Towards Economic and Theological Ecumenism: A Welcome to the Inaugural Issue

Joost Hengstmengel / Paul van Geest / Lans Bovenberg / Harry Commandeur / Kees van der Kooi / Govert Buijs / Antoinette Rijsenbilt / Bas van Os / Ard Jan Biemond

Journal of Economics, Theology and Religion, vol. 1, no. 1 (2021): 1-11


Published
22 March 2021 (first view)
23 March 2021


Religion—belief in God(s) and associated practices—and economy—managing human cooperation—are as old as humankind. In the words of economist Alfred Marshall, the “two great forming agencies of the world’s history have been the religious and the economic.” Religious (theological) and economic reflection go back just as far. People have always attempted to make sense of, and give meaning to their religious and economic experiences. Theology and economics as academic disciplines, by contrast, are of a far more recent date. Whereas the beginnings of academic theology coincided with the rise of universities in the High Middle Ages, the science of political economy dates back to the second half of the eighteenth century, and economics as we know it today to Marshall’s time. If economics may be defined with Marshall as “the study of mankind in the ordinary business of life,” theology may be said to be the study of mankind in its relationship to the things divine.

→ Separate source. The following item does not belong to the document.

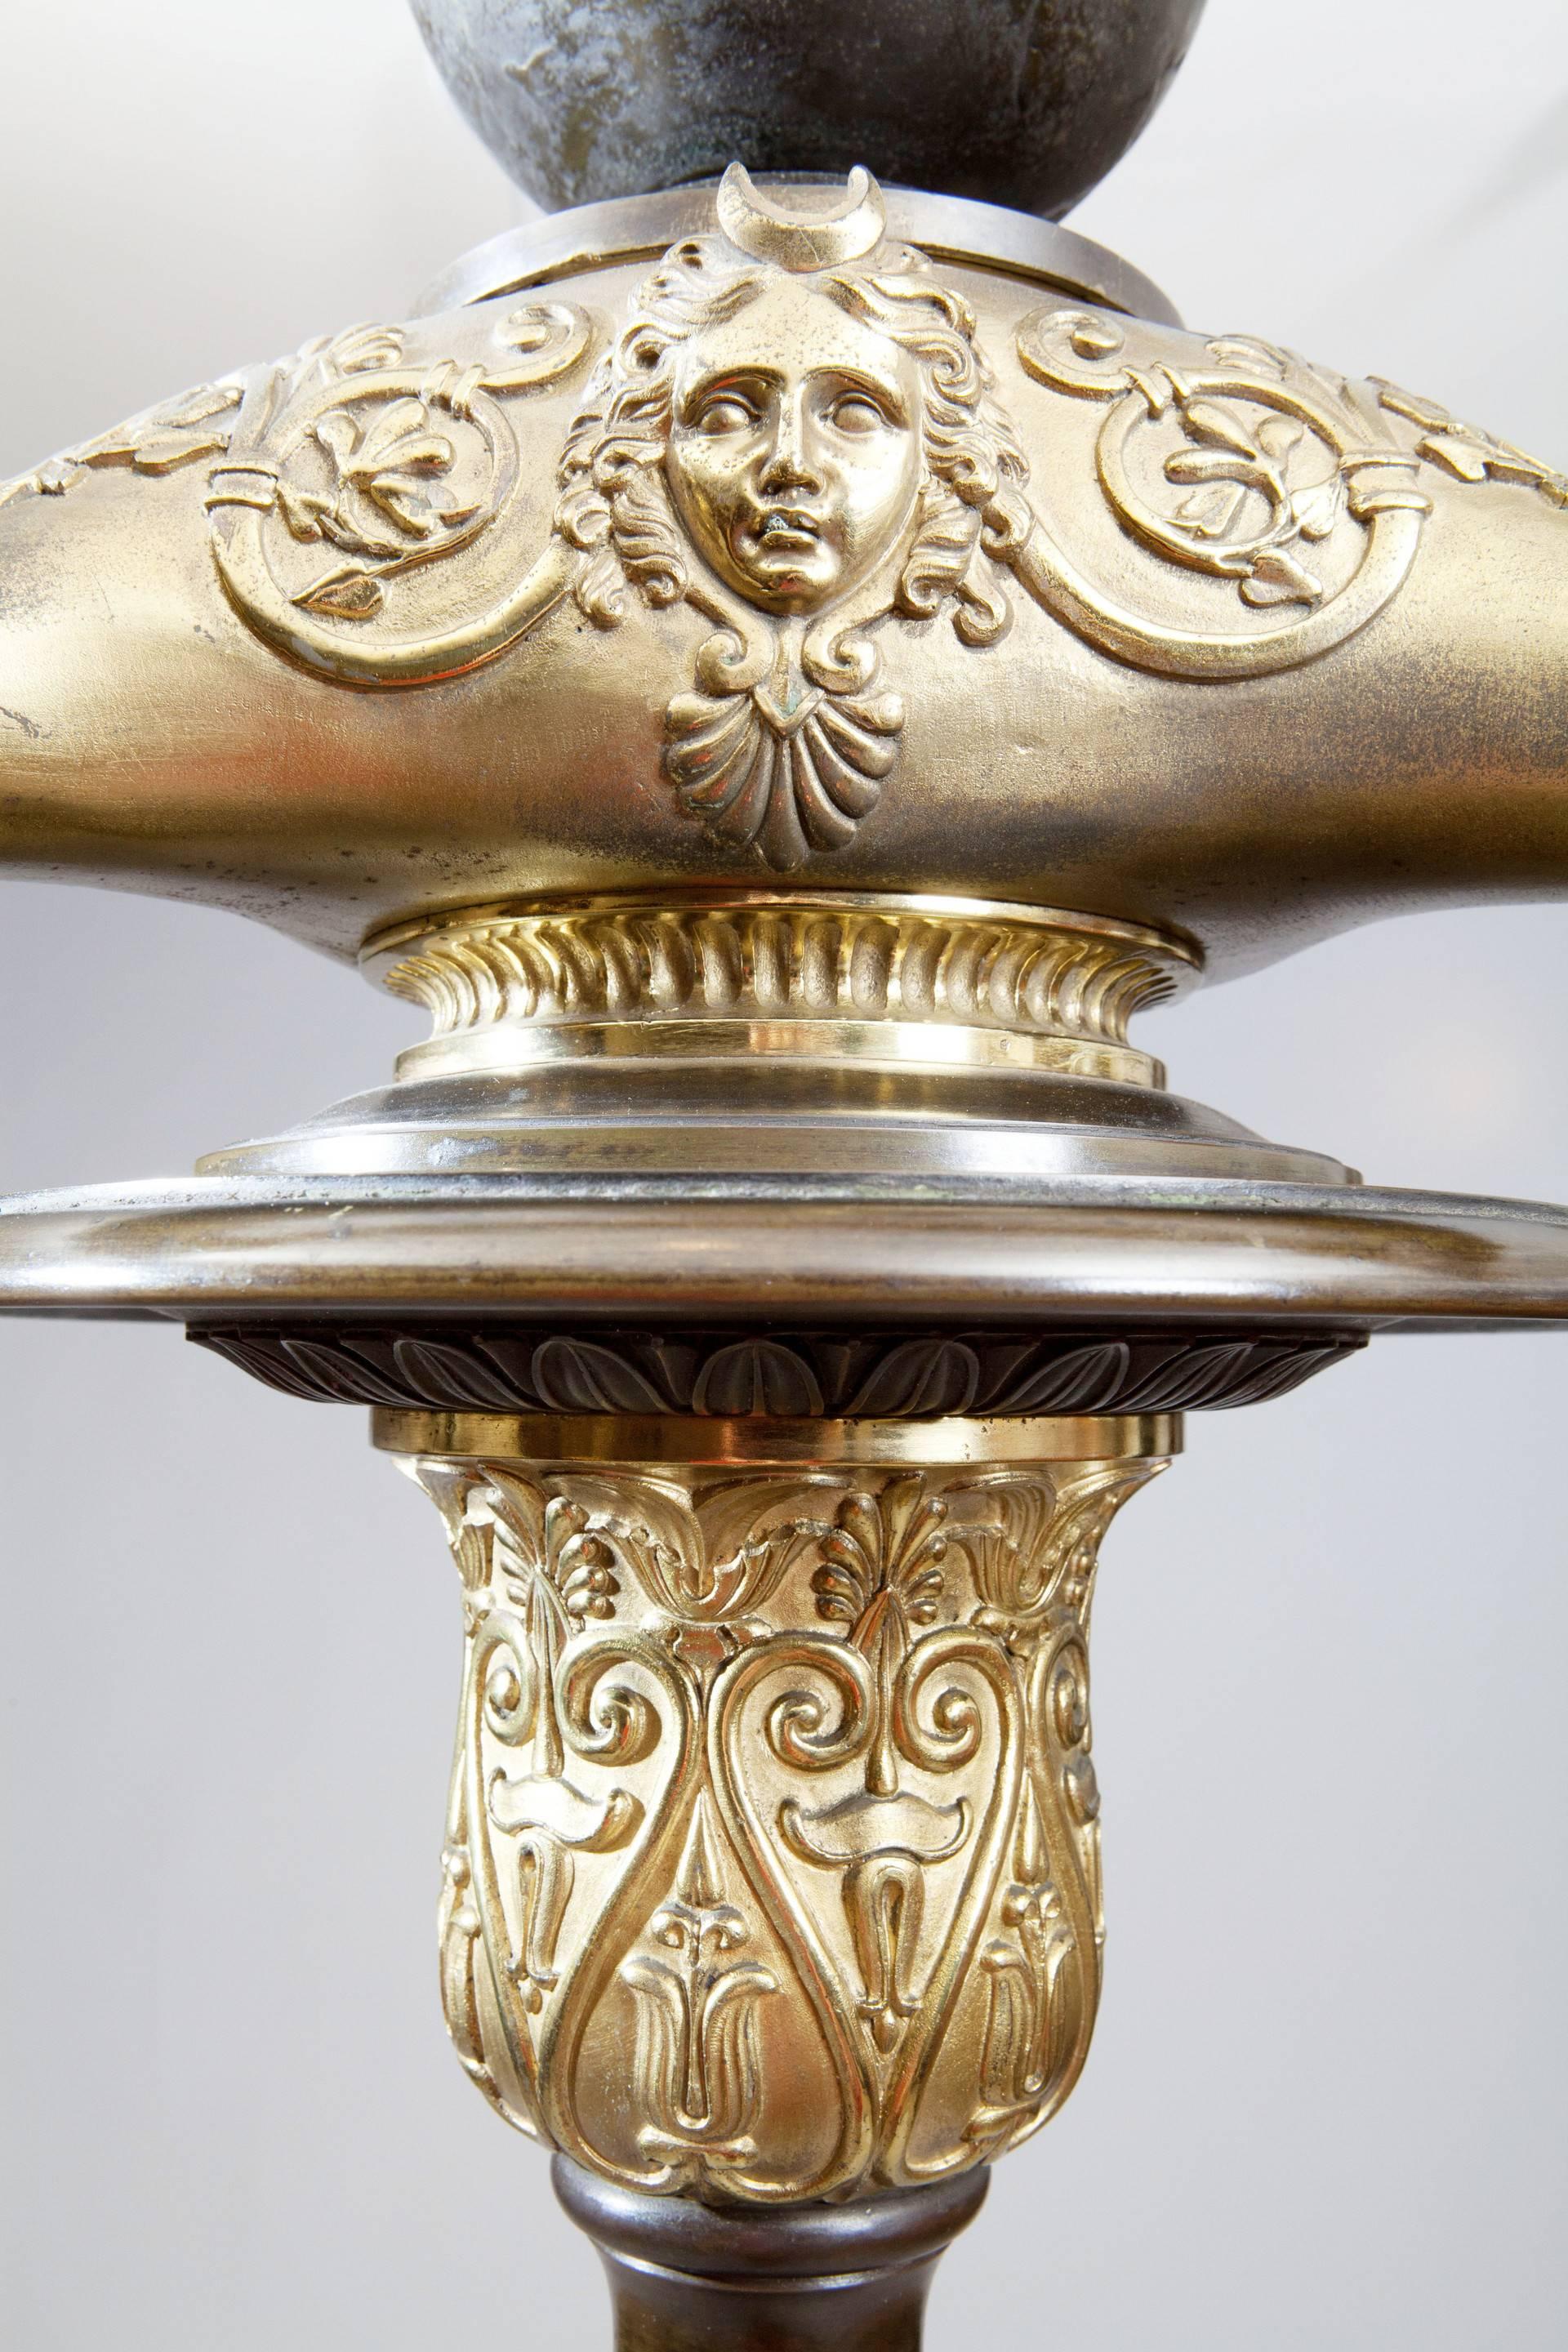 Neo Classical Hall Light in Bronze and Ormolu In Excellent Condition In London, by appointment only

Religion and economy have a long history together—marked by not only coexistence but also mutual influence. The same is true for religious, theological, and economic thought. As is now widely recognized, religious and theological ideas played a significant role in the shaping of economic thought and vice versa. In the medieval West, economic thought was a branch of moral theology, and in later centuries, the theologian and writer on economics cooperated in a division of intellectual labor. Not seldom, they were the same person. As John Maynard Keynes noted in a letter to Archbishop William Temple, apart from a few names, “I can think of no one important in the development of politico-economic ideas … who was not a clergyman and in most cases a high dignitary of the Church.” The intimate relationship between economics and theology ended in the nineteenth century. After what has been called a “sudden separation” in the 1820s-30s (Waterman 2001), economics and theology went their separate ways, which resulted in a secularization of the former (Bateman 2008).

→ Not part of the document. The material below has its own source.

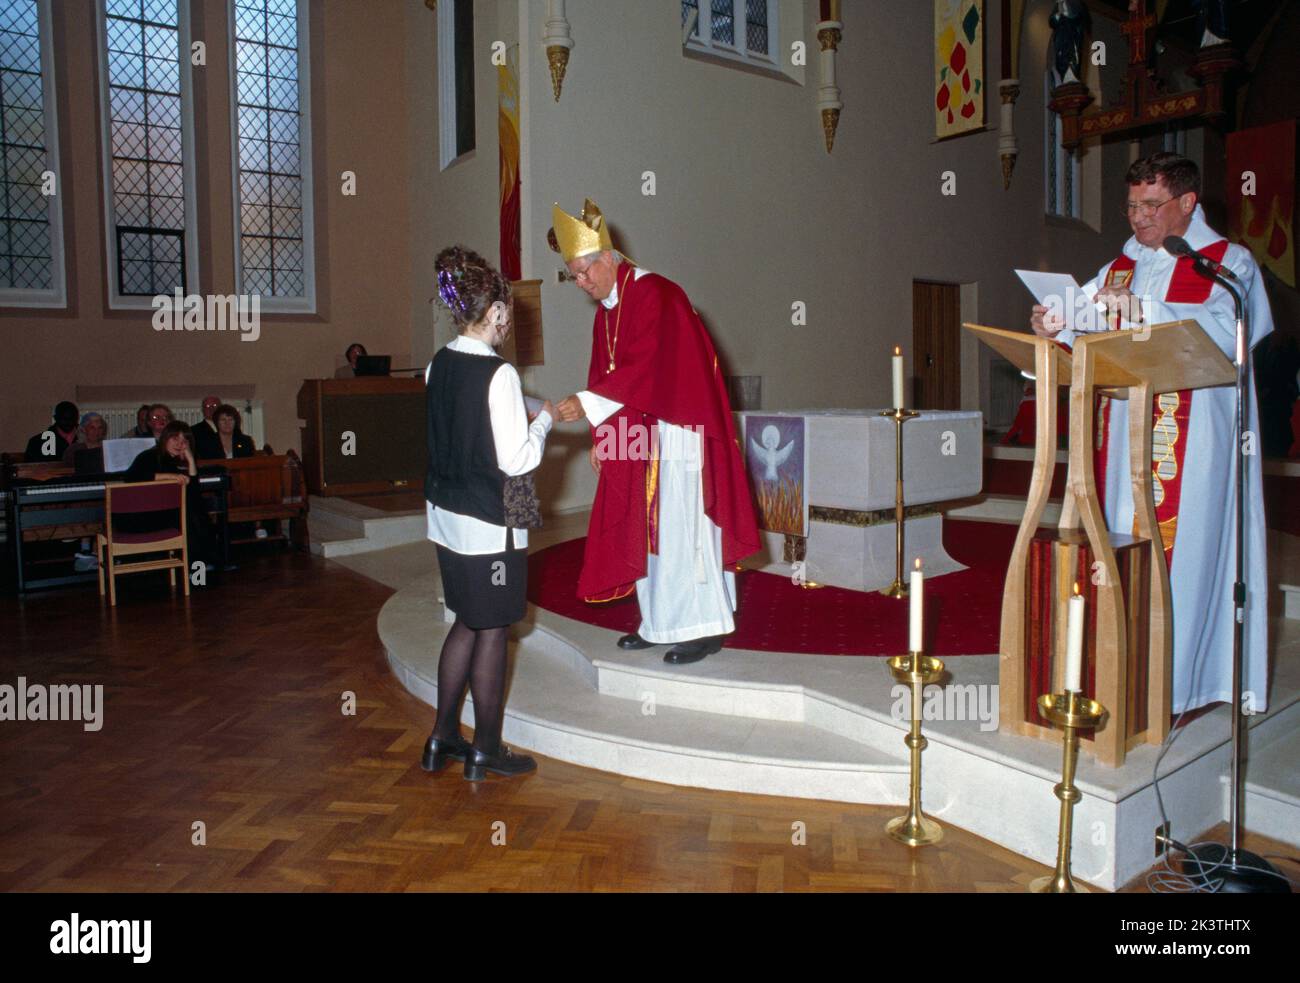 St Joseph's Church England Bishop Presenting Candidate a Certificate at Confirmation Stock Photo

Of course, theologians and religiously inspired thinkers never lost interest in economics. Driven by what they saw as economic crises and crises in economics, dozens of heterodox ‘schools’ have incessantly challenged the dominance of mainstream economics on religious grounds. In Europe, what comes to mind are Victorian Christian socialism, Roman Catholic economics (or Catholic Social Teaching more generally), and Dutch Calvinist political economy. Other hotbeds of resistance to the separation of economic and theological thought included economic associations such as the Société Chrétienne suisse d’économie sociale (founded in 1889) and Catholic Economic Association (1941), political think-tanks ranging from religious communists to religious conservatives, and trade unions such as, among many others, the Christian National Trade Union Federation (CNV, 1909) in the Netherlands. However, from a mainstream economics perspective, these remained voices from the margin.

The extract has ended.